To do: The reply should reproduce every line of the data below word for word, minus any images.

Source material:
● ● ● ● ● ● ●
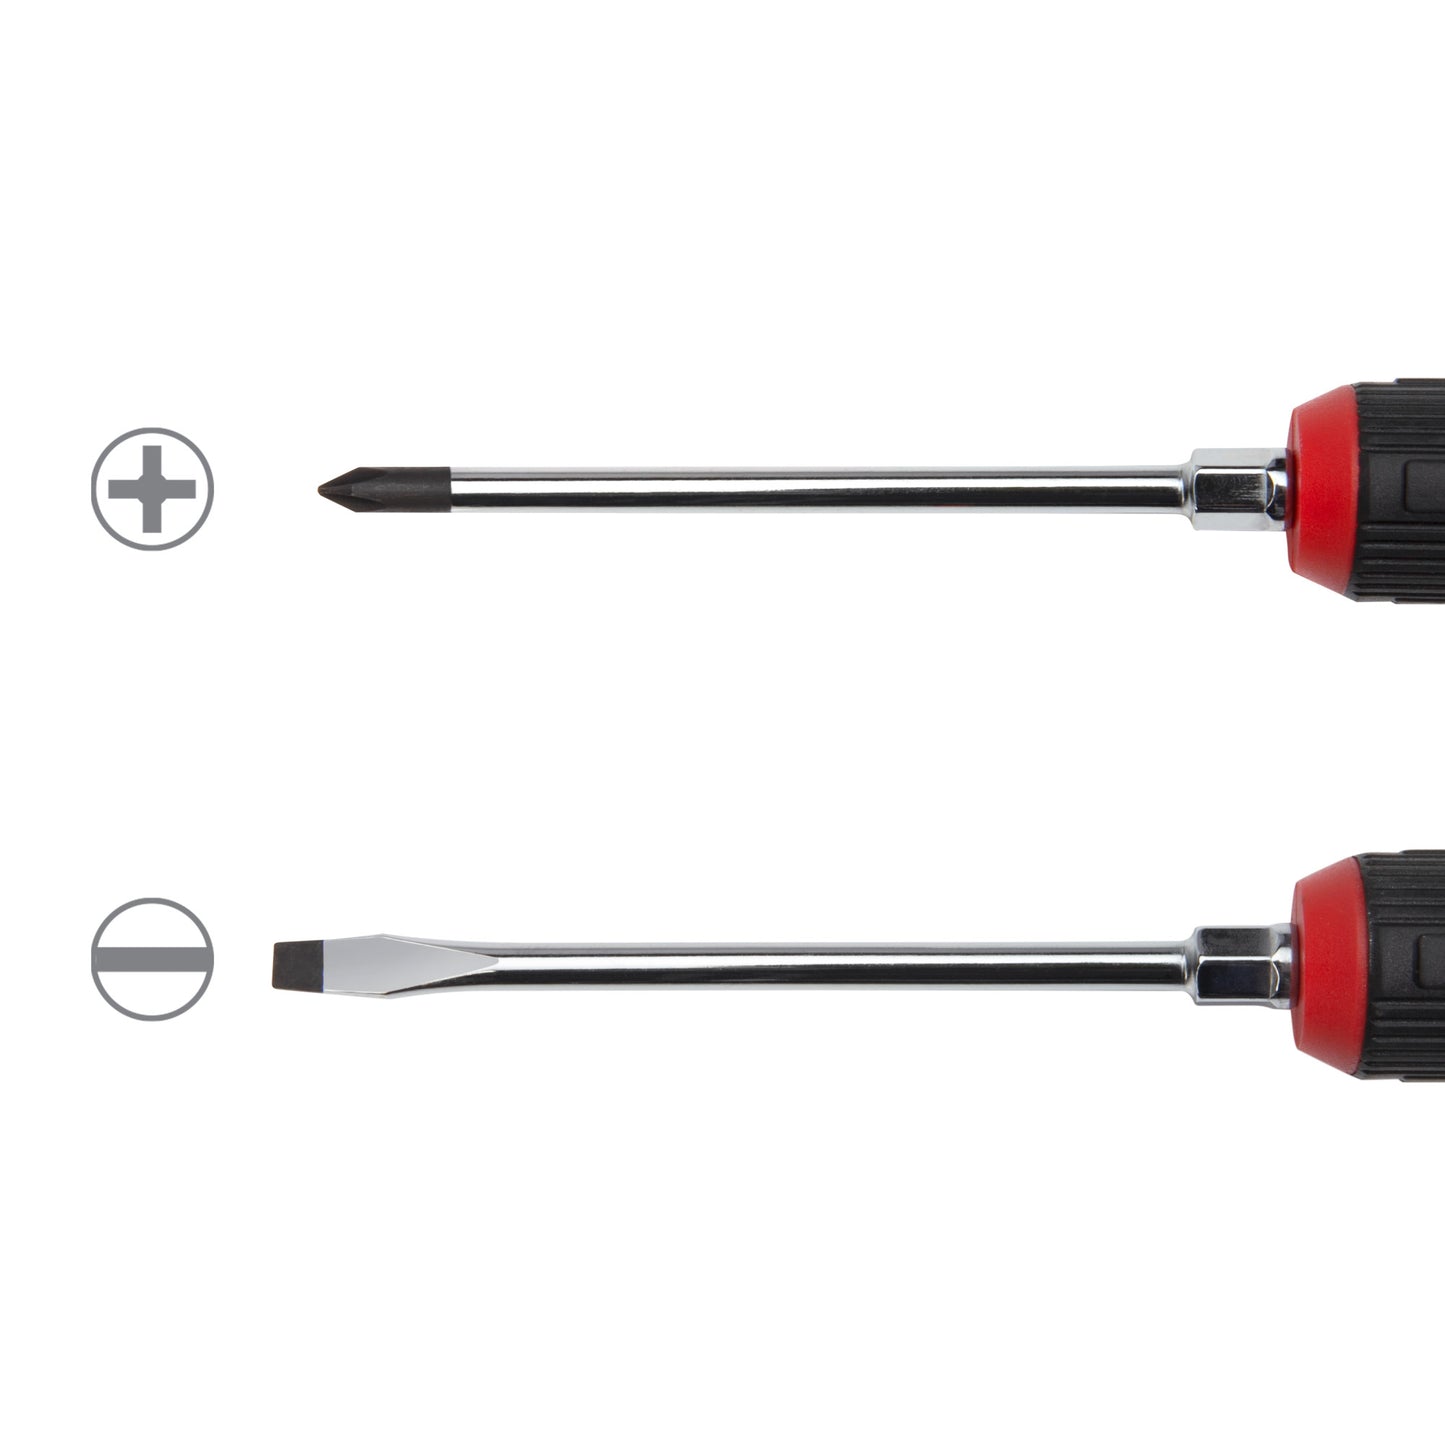 4-Piece Comfort Grip Phillips and Slotted Screwdriver Set
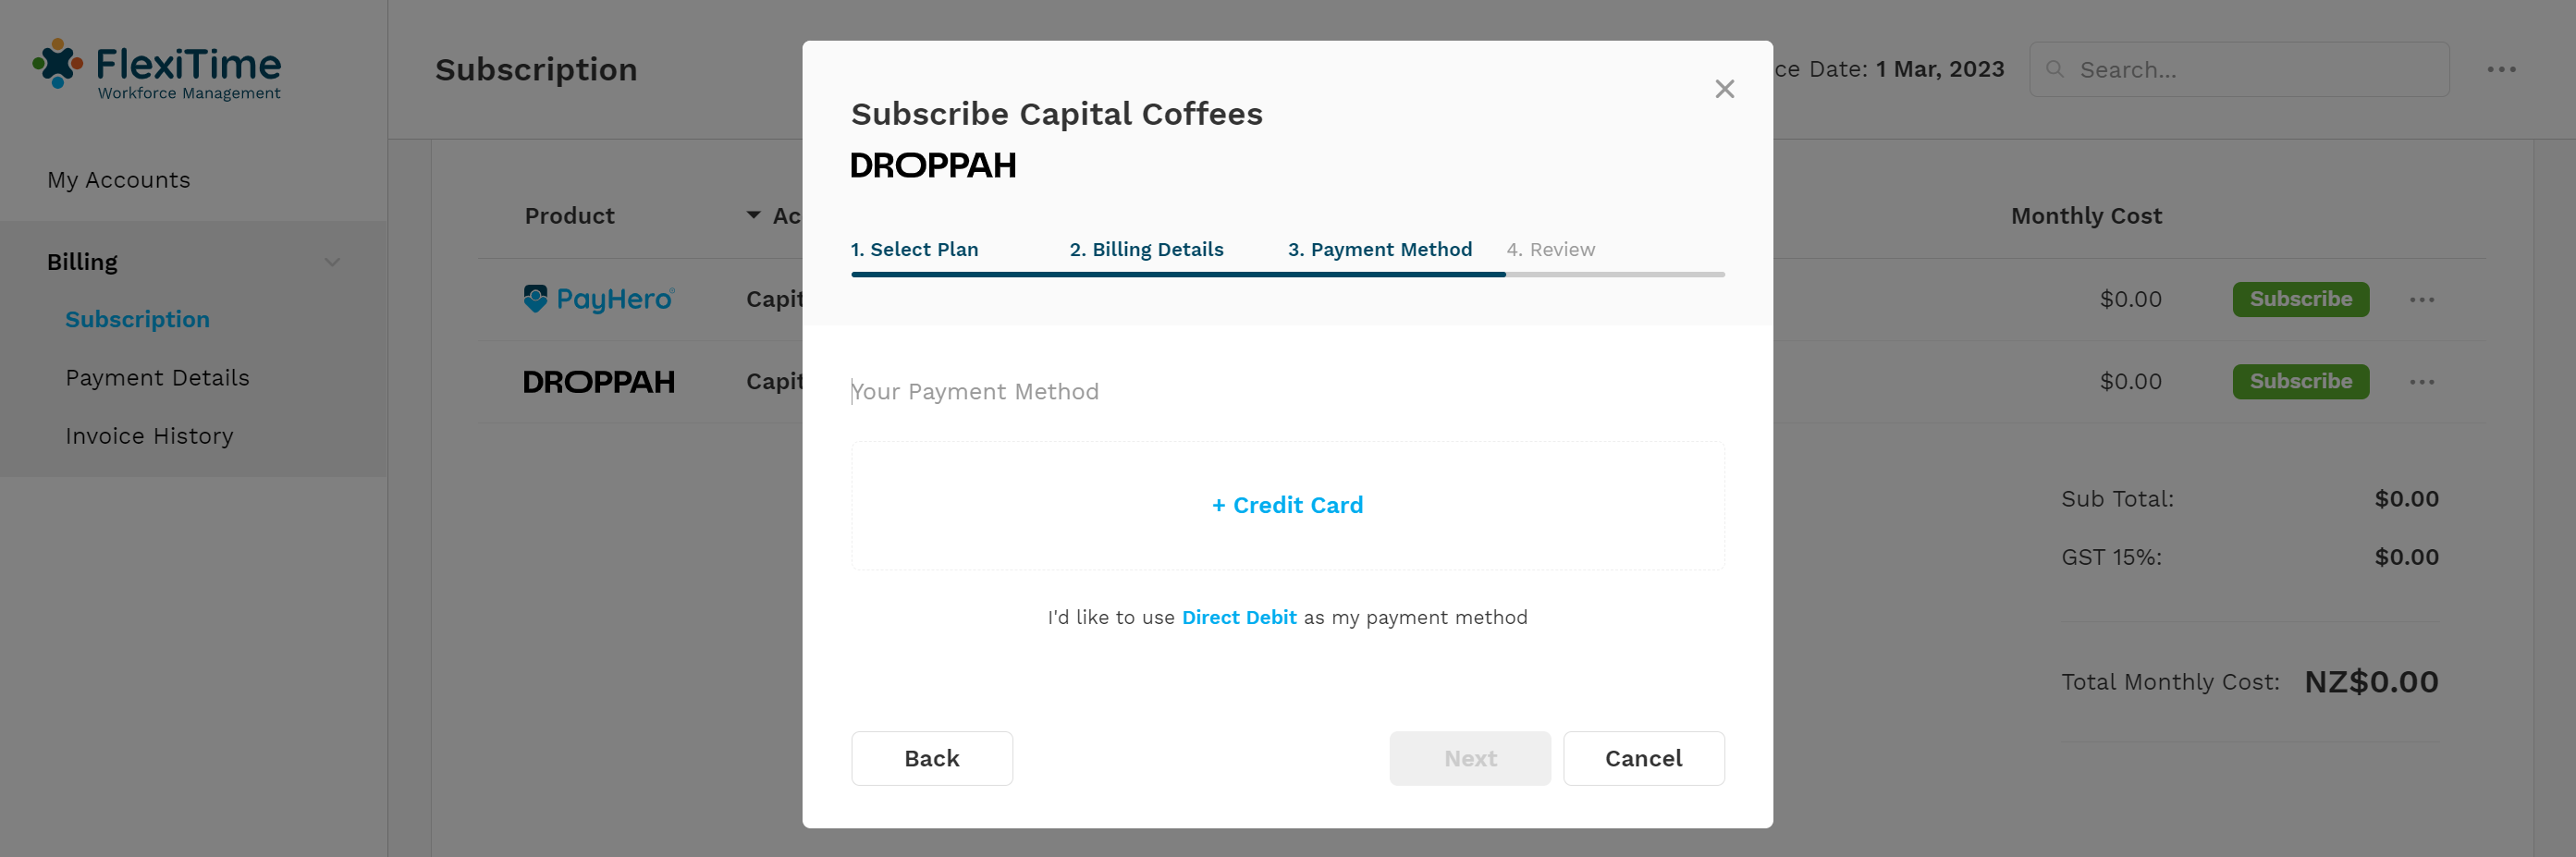 Managing_Droppah_Subscription_-_Payment_Method.png
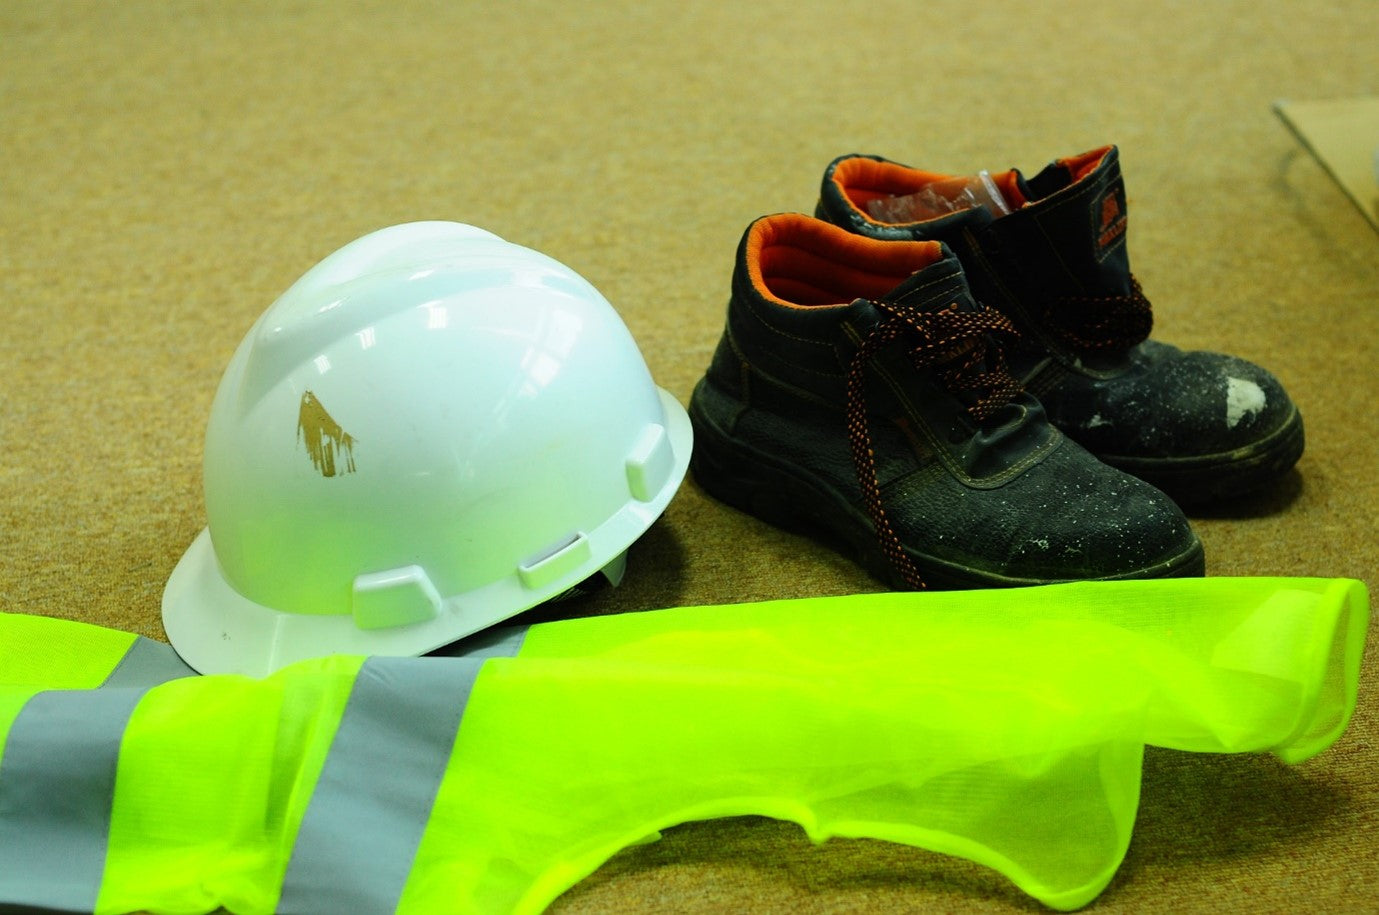 Could rules be changed on agency workers’ PPE?
● ● ● ● ● ● ●
Task answer:
 4-Piece Comfort Grip Phillips and Slotted Screwdriver Set
 Managing_Droppah_Subscription_-_Payment_Method.png
 Could rules be changed on agency workers’ PPE?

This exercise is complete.